Seculares paredes de piedra, sublimes vitrales de colores, ojivas grandiosas y columnas gastadas por los vientos de la Historia… Las campanas tocan conclamando a los fieles para la Santa Misa. Doña Gabriela y doña Lucilia transponen los umbrales de la puerta de entrada y se dirigen a los primeros asientos, próximos del altar. Están en la Iglesia de Saint-German l’Auxerrois, conocida por haber sido el lugar de donde salió el tocsin (toque de campana) que desencadenó, en 1572, los sucesos de la famosa “Noche de San Bartolomé”.
Poco antes de iniciarse la Misa, atraviesa el arco que une la sacristía con el presbiterio una distinguida dama. Durante el Santo Sacrificio, su mirada se posa diversas veces sobre doña Gabriela. Ésta, a quien tal actitud no pasó desapercibida, en determinado momento interrumpe las oraciones de su hija para susurrarle que se trata de la Princesa Isabel.
— Sí, ya la he reconocido mamá, realmente es la Princesa Isabel.
Finalizada la Santa Misa, ambas ven que se aproxima una noble señora y se presenta como la Baronesa de Muritiba, dama de honor de la Princesa. Viene a comunicarles que la Princesa se había dado cuenta de que pertenecían a la aristocracia brasileña y les manda decir que tendría mucho placer en conocerlas.
Doña Lucilia y su madre se dirigen a la sacristía a fin de saludar a la Princesa, y durante la conversación son invitadas por ésta a tomar el té junto con toda la familia en su residencia.

Princesa Isabel

Princesa Isabel

Llegado el día, toda la familia, inclusive los niños, se dirigió a Boulogne-sur-Seine.
Fueron recibidos por la dama de honor de la Princesa y conducidos a un salón donde, poco después, entraría la imperial anfitriona. La familia formó un semicírculo alrededor de la Princesa, mientras ésta iba saludando atentamente uno por uno; todos retribuían sus saludos de modo respetuoso. Siguió el té, en un ambiente de afabilidad y elevación, sellándose a partir de ese momento una larga amistad entre la Princesa y doña Gabriela, así como entre las respectivas familias.
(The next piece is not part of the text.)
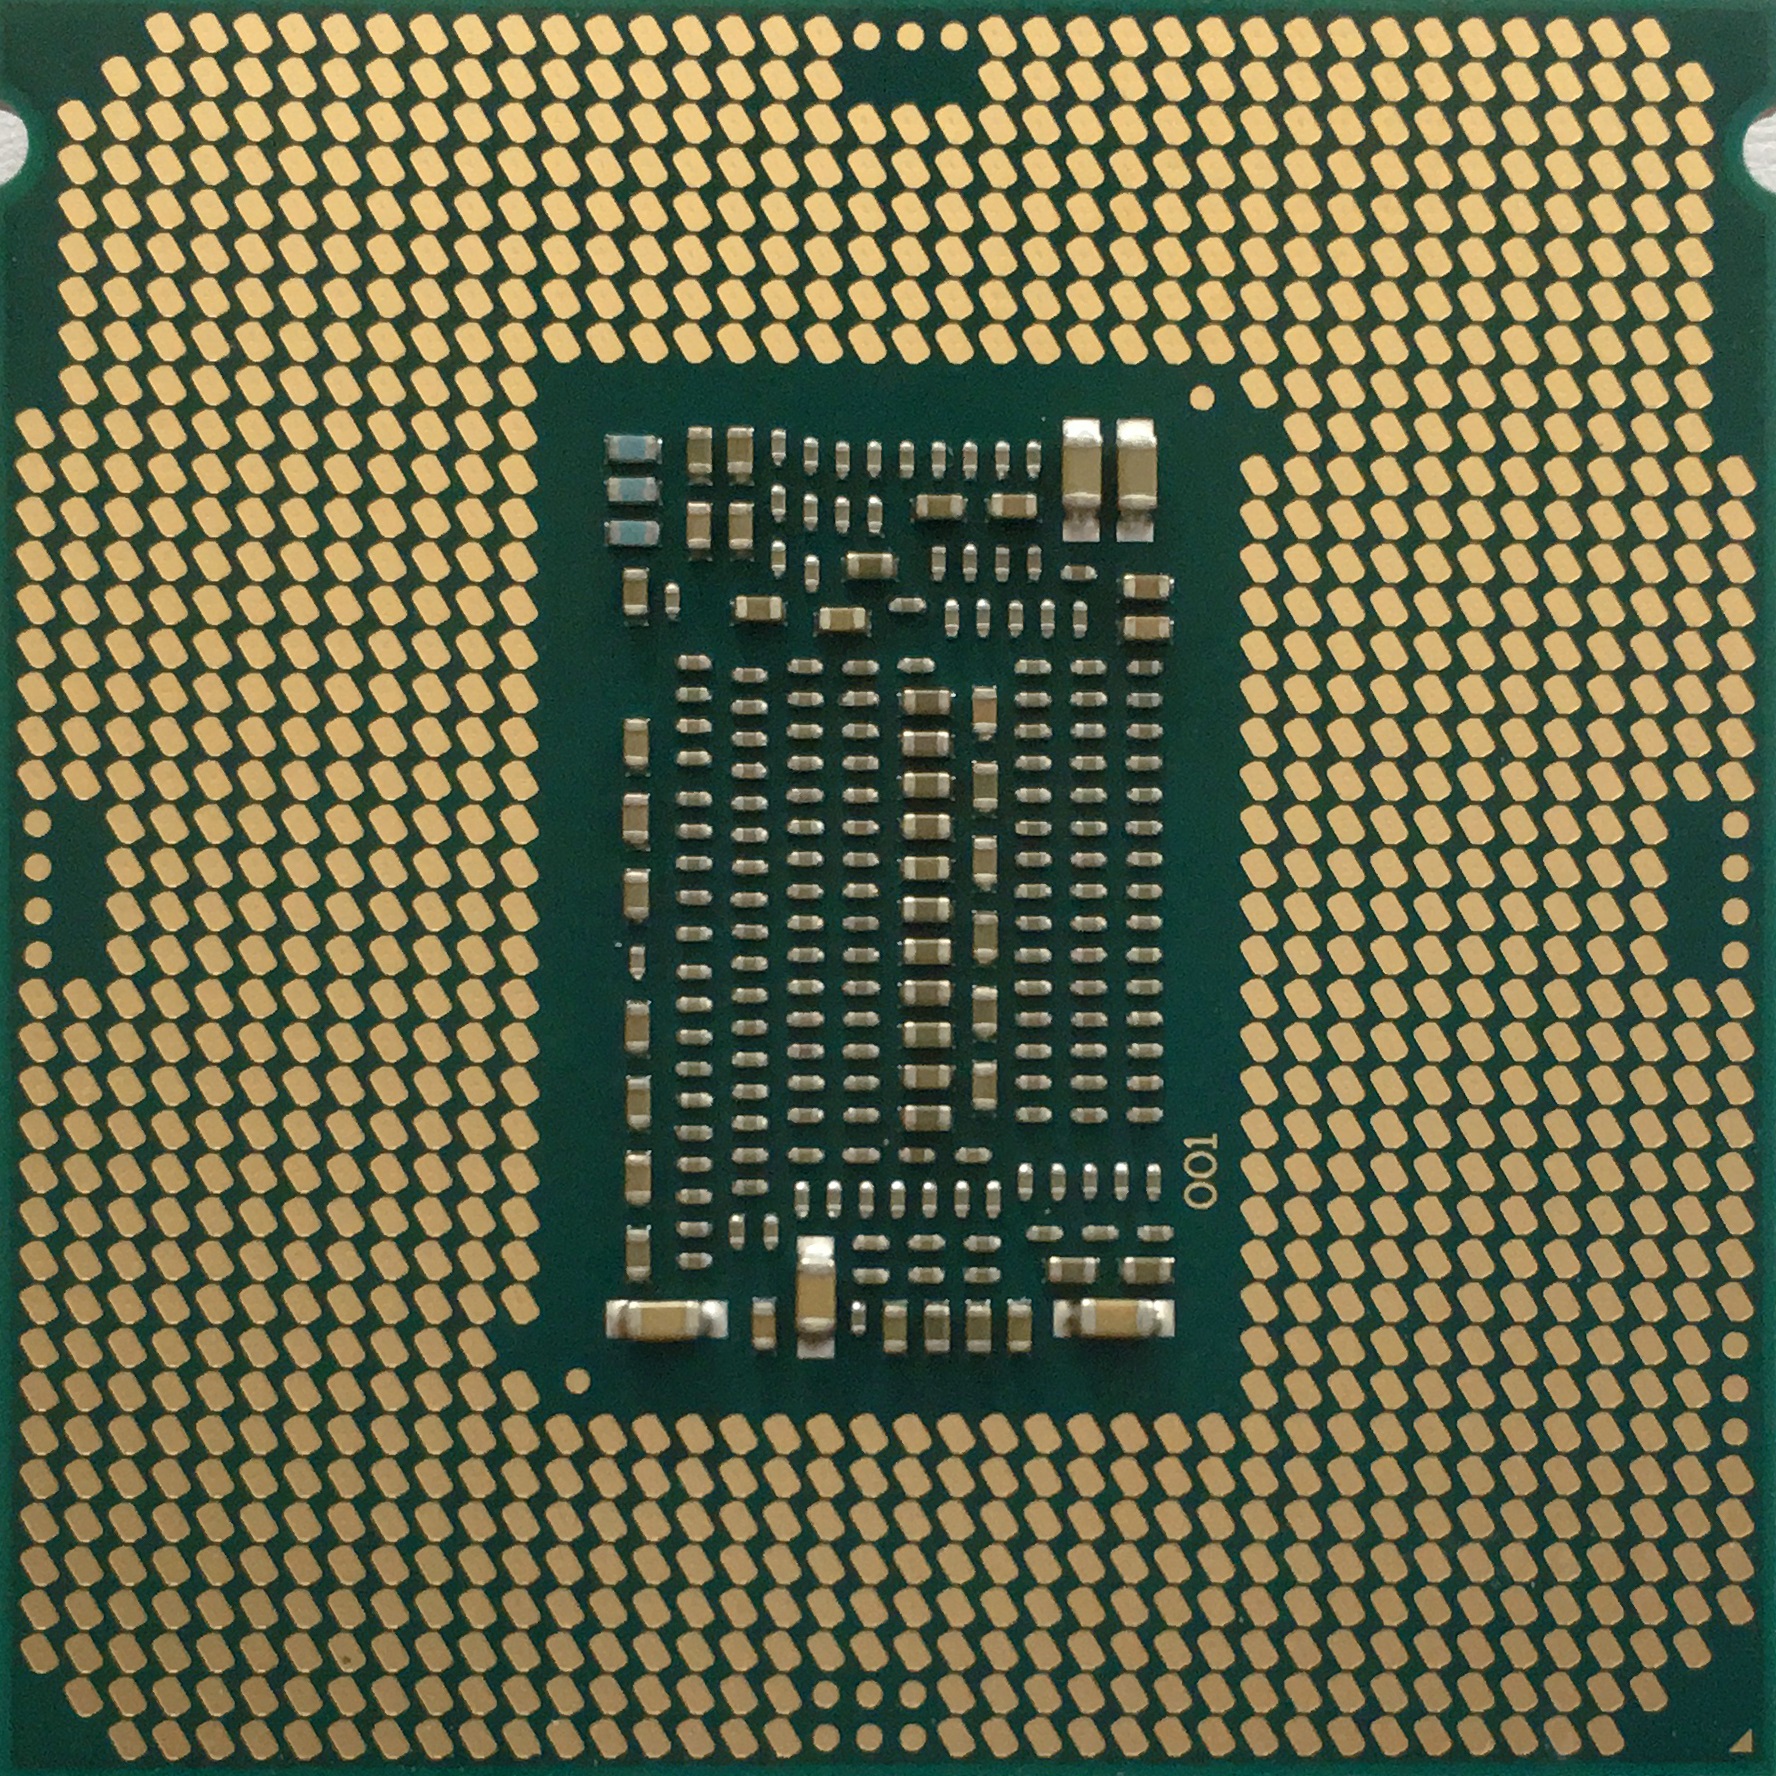 Immagine pubblicata in relazione al seguente contenuto: Intel lancia i processori Xeon E-2100 per workstation entry-level potenti | Nome immagine: news28448_Intel-Xeon-E-2100_3.jpg

La enfermedad “incurable” de una princesa rusa

capV090Si el donaire era lo que distinguía a doña Gabriela, doña Lucilia cautivaba por la extrema delicadeza y bondad, no sólo de maneras, sino de alma, despertando la confianza de los que la conocían. 
Una joven princesa rusa se hospedaba con su esposo en el mismo piso que doña Lucilia y frecuentemente se encontraban en una u otra dependencia del hotel. No pasó mucho tiempo sin que la princesa tomase la iniciativa de saludarla, manifestando su simpatía hacia ella. El pueblo ruso, tan intuitivo como el brasileño, está dotado de una percepción muy rápida no sólo de las situaciones, sino también de la psicología de las personas. Quizá esta cualidad le habrá facilitado a la princesa penetrar en el alma de doña Lucilia, dando ocasión a una confidencia sui generis.
Encontrándose ambas en el corredor, próximo al cuarto de doña Lucilia, la princesa se le acercó llorando y le dijo:
— Madame, sepa disculparme, sé que no tengo derecho de dirigirme a usted de esta manera. Ni siquiera nos conocemos. Pero por su mirada y su modo de ser, veo que usted es una persona bondadosa y compasiva. Me encuentro en una enorme aflicción y quería saber si puedo desahogarme con usted…
Siempre acogedora, doña Lucilia le abrió inmediatamente las puertas del corazón. Llena de angustia, la princesa le contó que un famoso médico de París le había diagnosticado un cáncer y que, en consecuencia, tendría que ser sometida a una operación muy dolorosa y arriesgada. Se encontraba extremamente afligida, ante la previsión de los sufrimientos y del riesgo que le esperaban. No quería morir prematuramente, necesitaba educar a sus hijos y tenía toda una vida por delante. Sollozando, dulcemente le decía:
— Hablando con usted tengo la esperanza de recibir algún consejo que me ayude a encontrar una salida para esto…
Doña Lucilia en pocos minutos la tranquilizó:
— No desanimemos, los médicos algunas veces se equivocan, no son infalibles, uno puede corregir el diagnóstico de otro. He oído que, sobre esta materia, hay en Suiza un médico muy bueno. Quien sabe, usted puede ir hasta allí, pide una consulta…
Sus palabras impregnadas de bienquerencia y su tono de voz comunicaban una profunda paz. La pobre princesa fue sintiendo penetrar en su alma, aun dentro de la tragedia, el suave bálsamo del buen consejo. Entre sollozos escuchó que doña Lucilia la estimulaba a rezar para no dejarse vencer por la desesperación.
Poco después, la princesa resolvió hablar con su esposo. Él no estuvo de acuerdo:
— El médico que te ha visto es uno de los mayores que hay sobre el tema; no se equivoca. La realidad es ésta y debes aceptar la situación…
A pesar de ese primer revés, la joven dama no se desanimó. El desacuerdo con su marido se prolongó durante varios días, hasta que acabó por convencerlo de que hiciesen el viaje a Suiza.
En el momento de la despedida, en medio de palabras de consuelo y de ánimo, doña Lucilia le dio su dirección en Brasil para que, necesitándola, no dejase de buscarla.
Pasado algún tiempo, cuando doña Lucilia ya estaba en São Paulo, recibió una carta de su confidente, en la cual le agradecía todo lo que había hecho por ella.
Contaba que el médico suizo, después de varios exámenes, había desmentido enteramente el diagnóstico de su colega parisiense. De esta manera, la princesa daba por resuelto el caso gracias a la bondadosa y sapiencial orientación de doña Lucilia.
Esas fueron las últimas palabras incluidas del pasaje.